■ Assignment ■
Pictures stay out of this copy, which runs from the first line of the material through the line containing "Michael Rooster Roman Numeral Clock".

■ Dataset excerpt ■
========

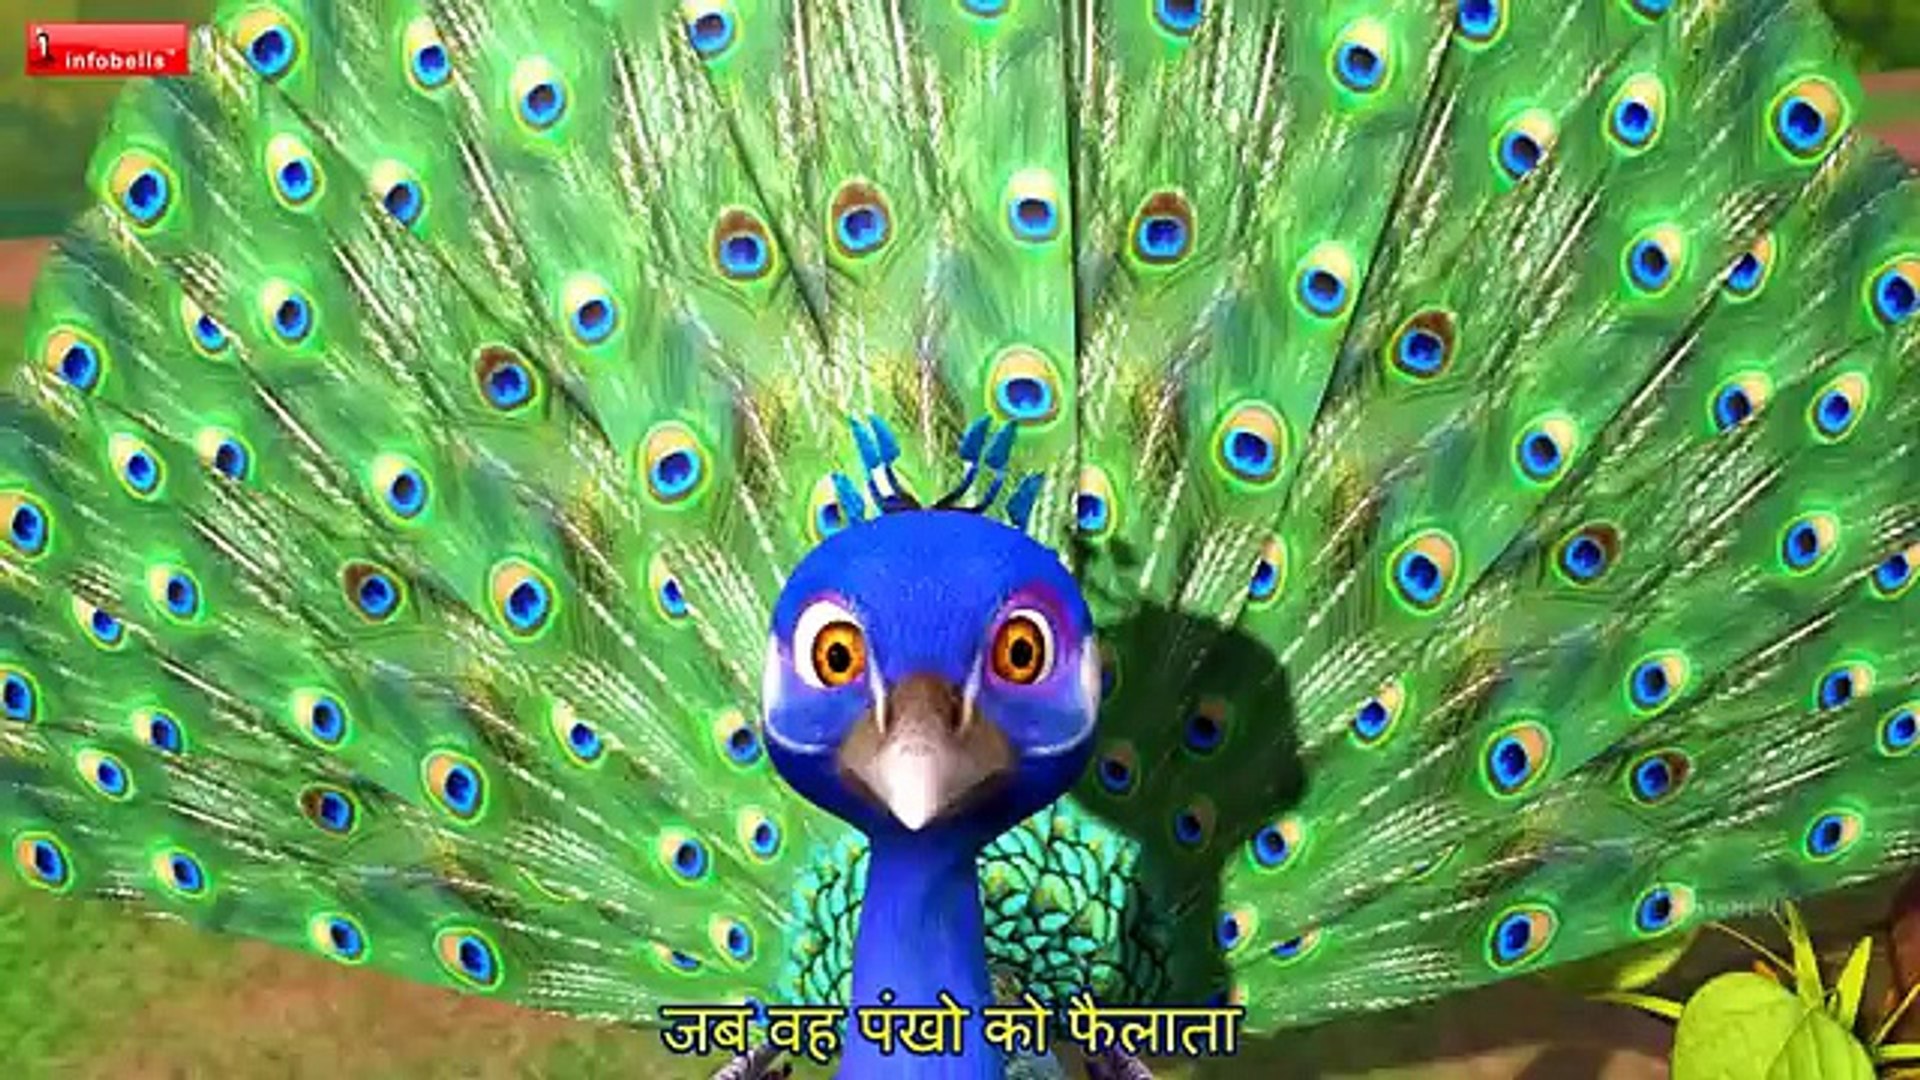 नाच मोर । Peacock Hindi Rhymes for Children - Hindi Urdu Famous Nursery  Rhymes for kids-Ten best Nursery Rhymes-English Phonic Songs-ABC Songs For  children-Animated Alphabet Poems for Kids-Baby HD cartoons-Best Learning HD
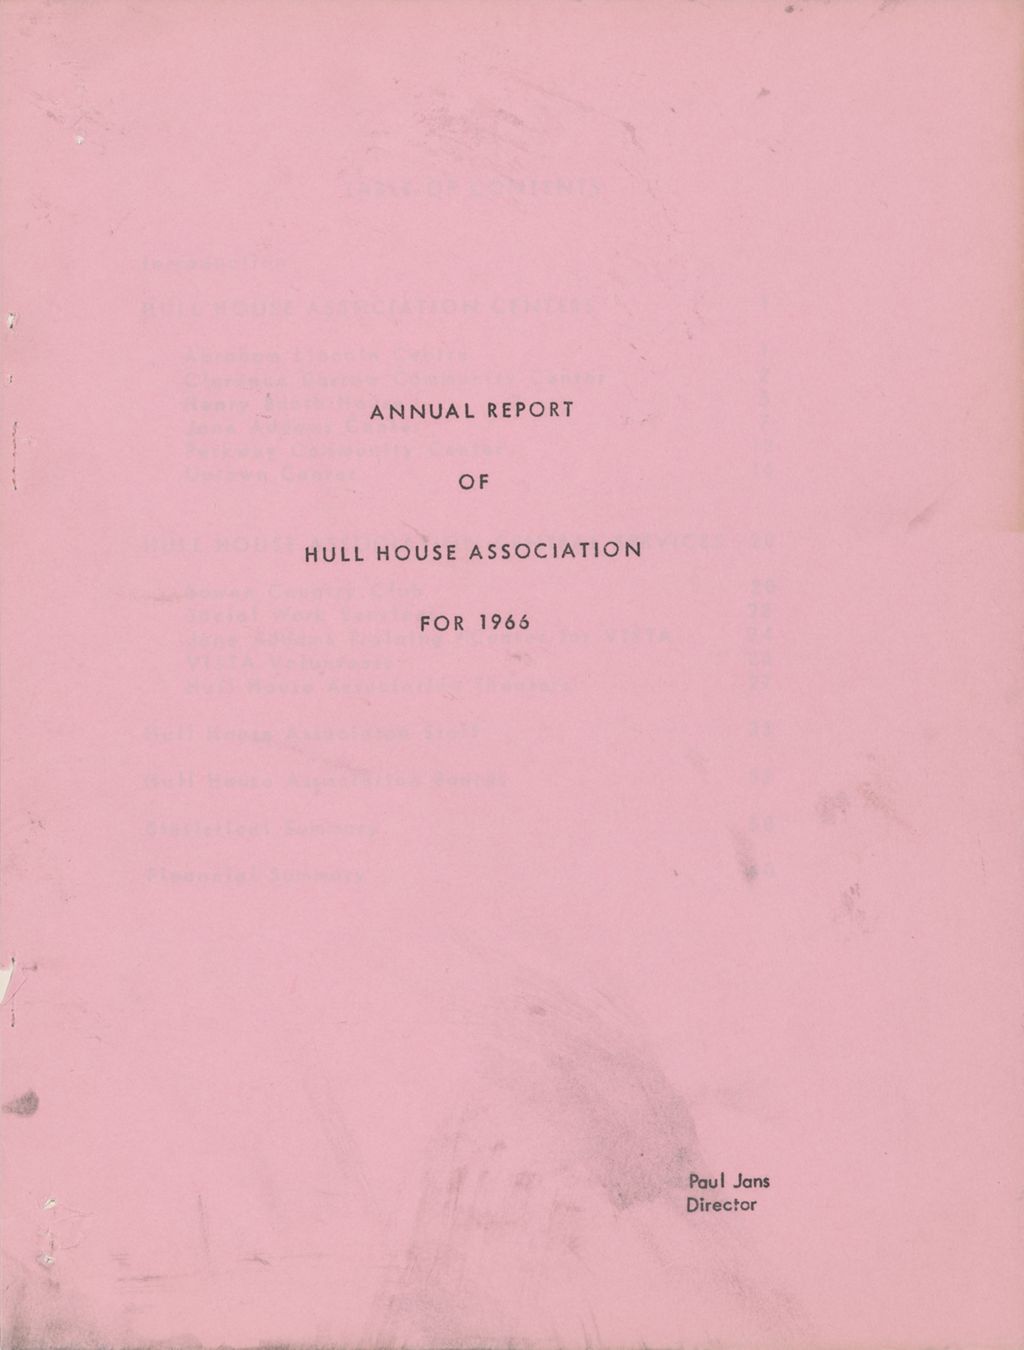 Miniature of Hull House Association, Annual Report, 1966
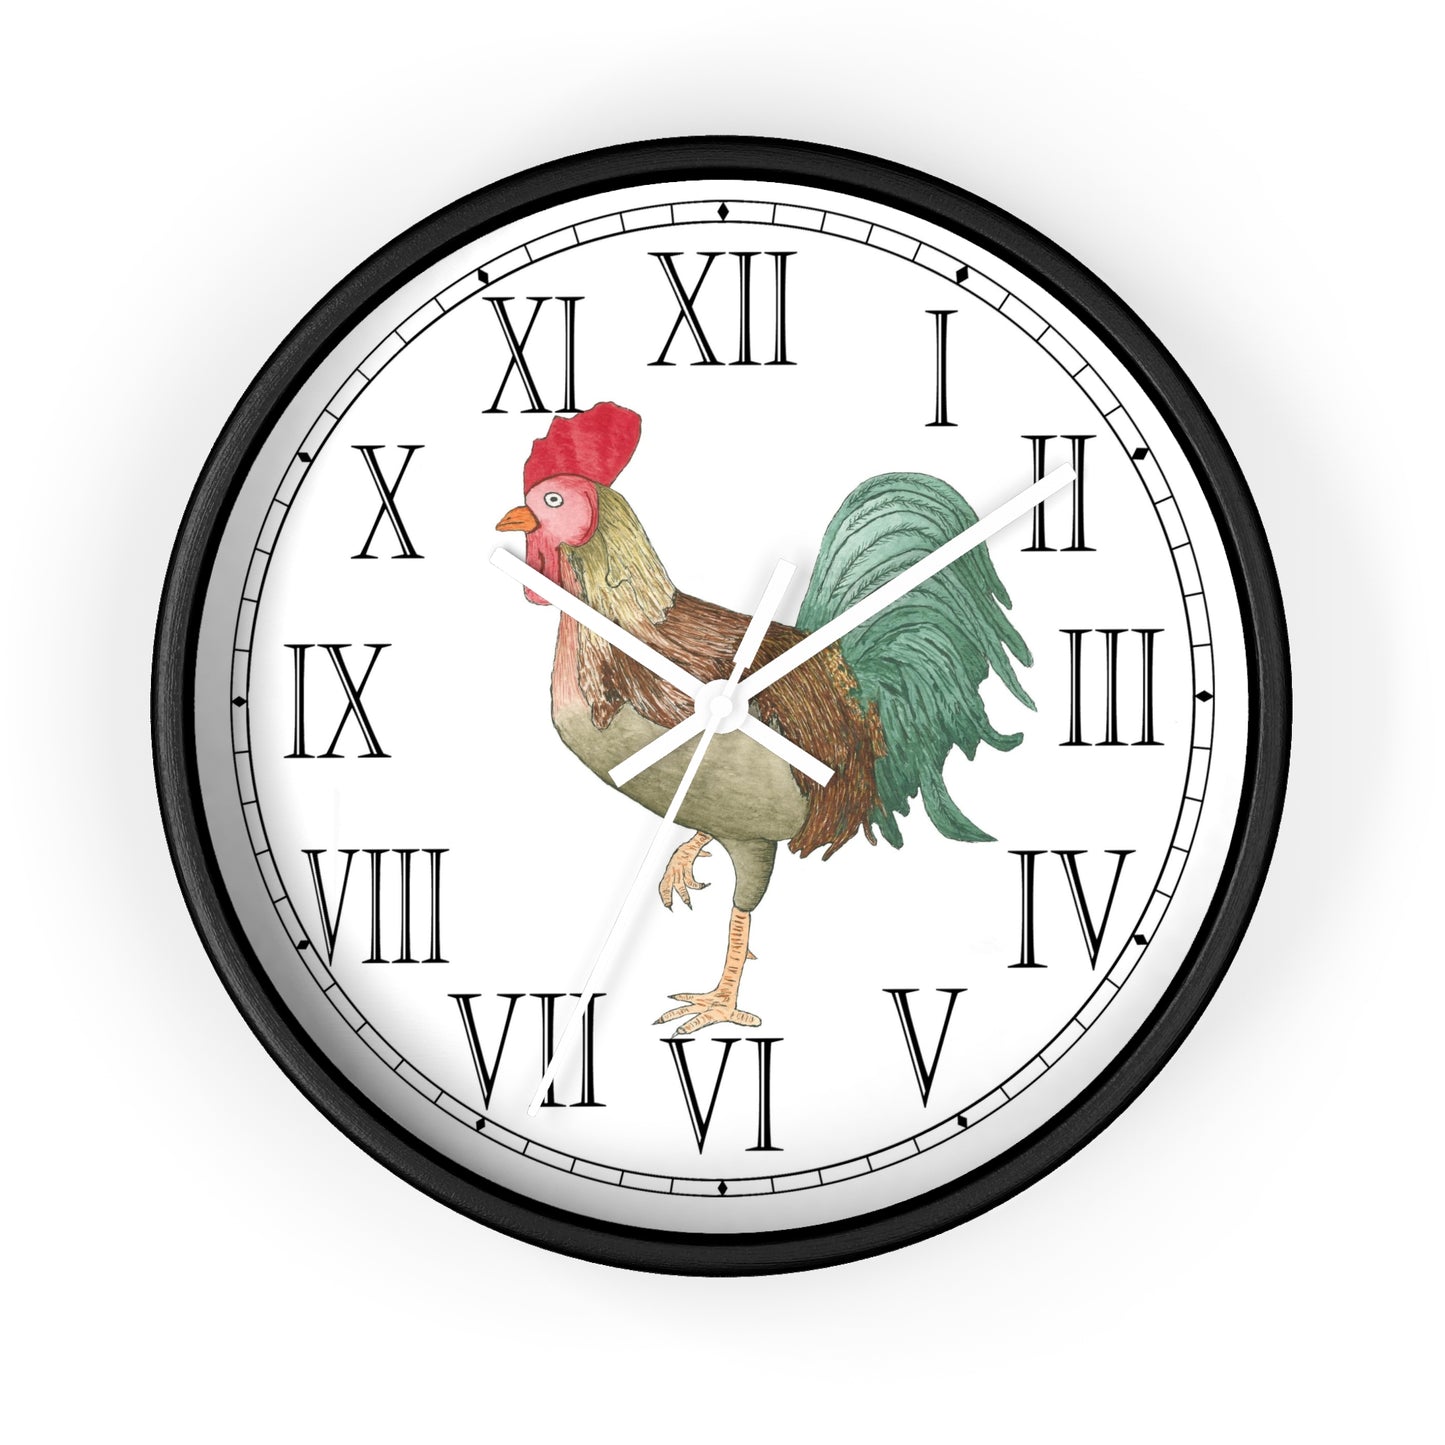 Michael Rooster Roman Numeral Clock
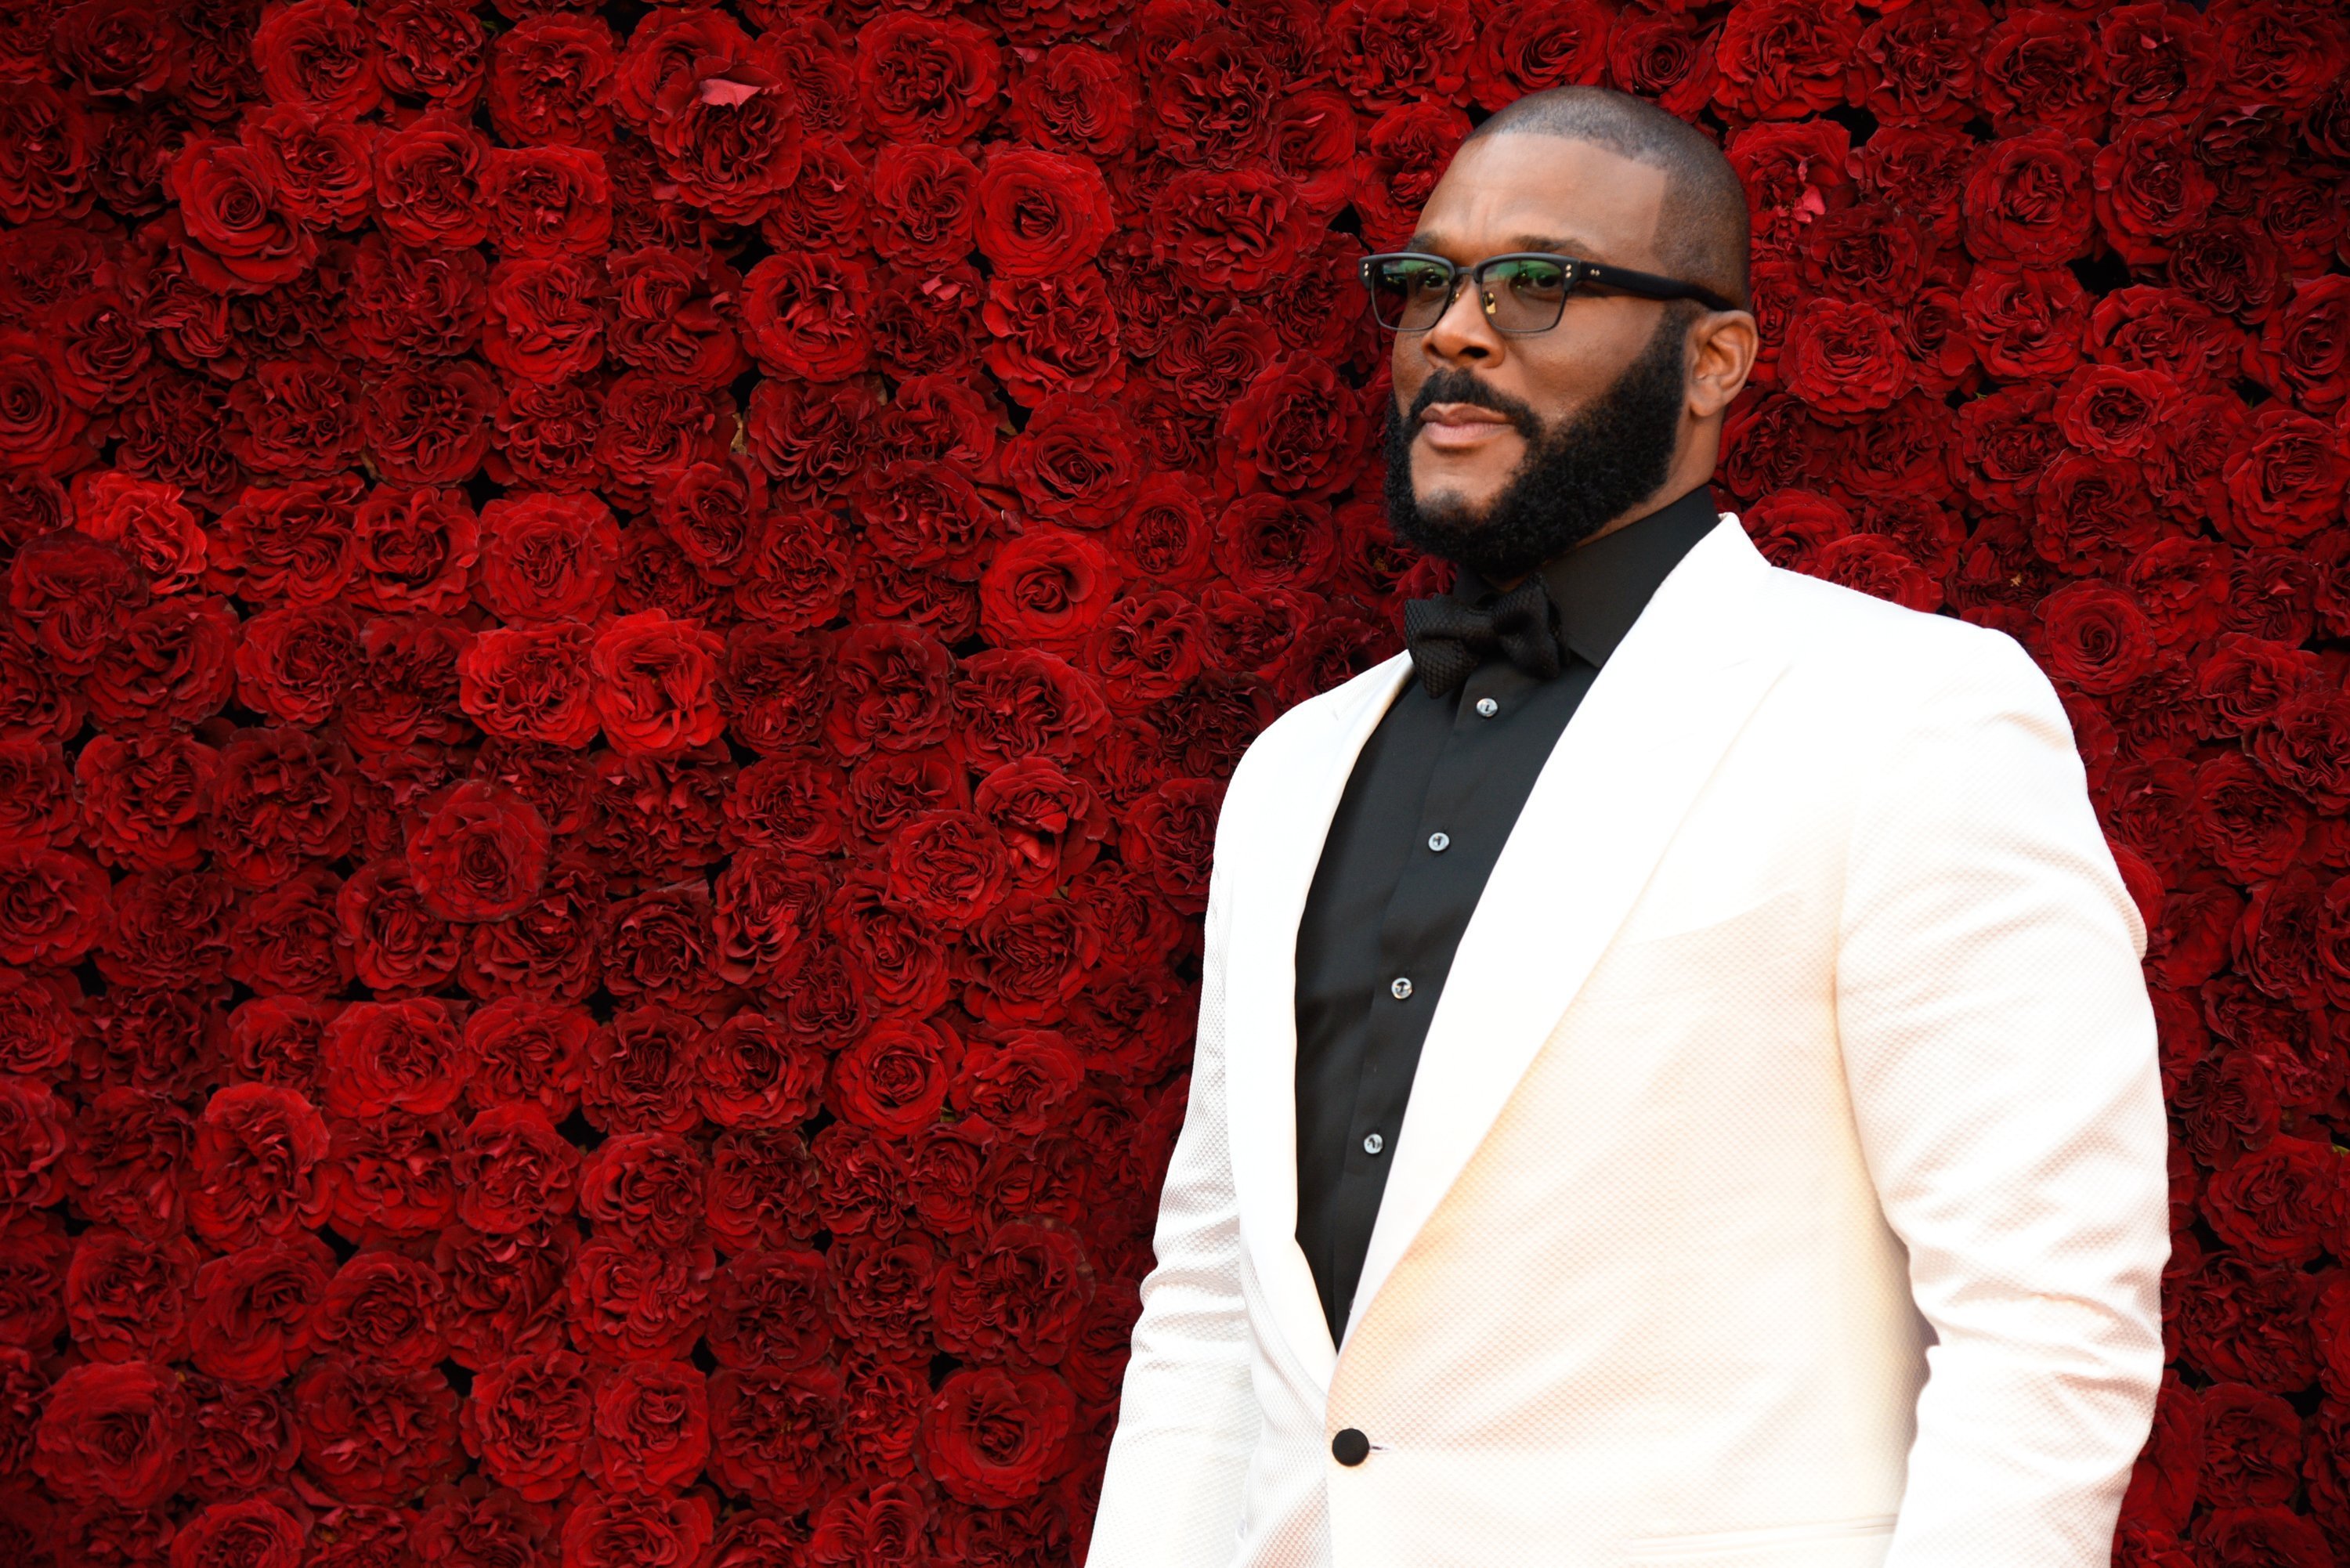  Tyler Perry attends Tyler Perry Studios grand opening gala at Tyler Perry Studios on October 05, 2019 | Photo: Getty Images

========

■ Output of the exercise ■
 नाच मोर । Peacock Hindi Rhymes for Children - Hindi Urdu Famous Nursery  Rhymes for kids-Ten best Nursery Rhymes-English Phonic Songs-ABC Songs For  children-Animated Alphabet Poems for Kids-Baby HD cartoons-Best Learning HD
 Miniature of Hull House Association, Annual Report, 1966
 Michael Rooster Roman Numeral Clock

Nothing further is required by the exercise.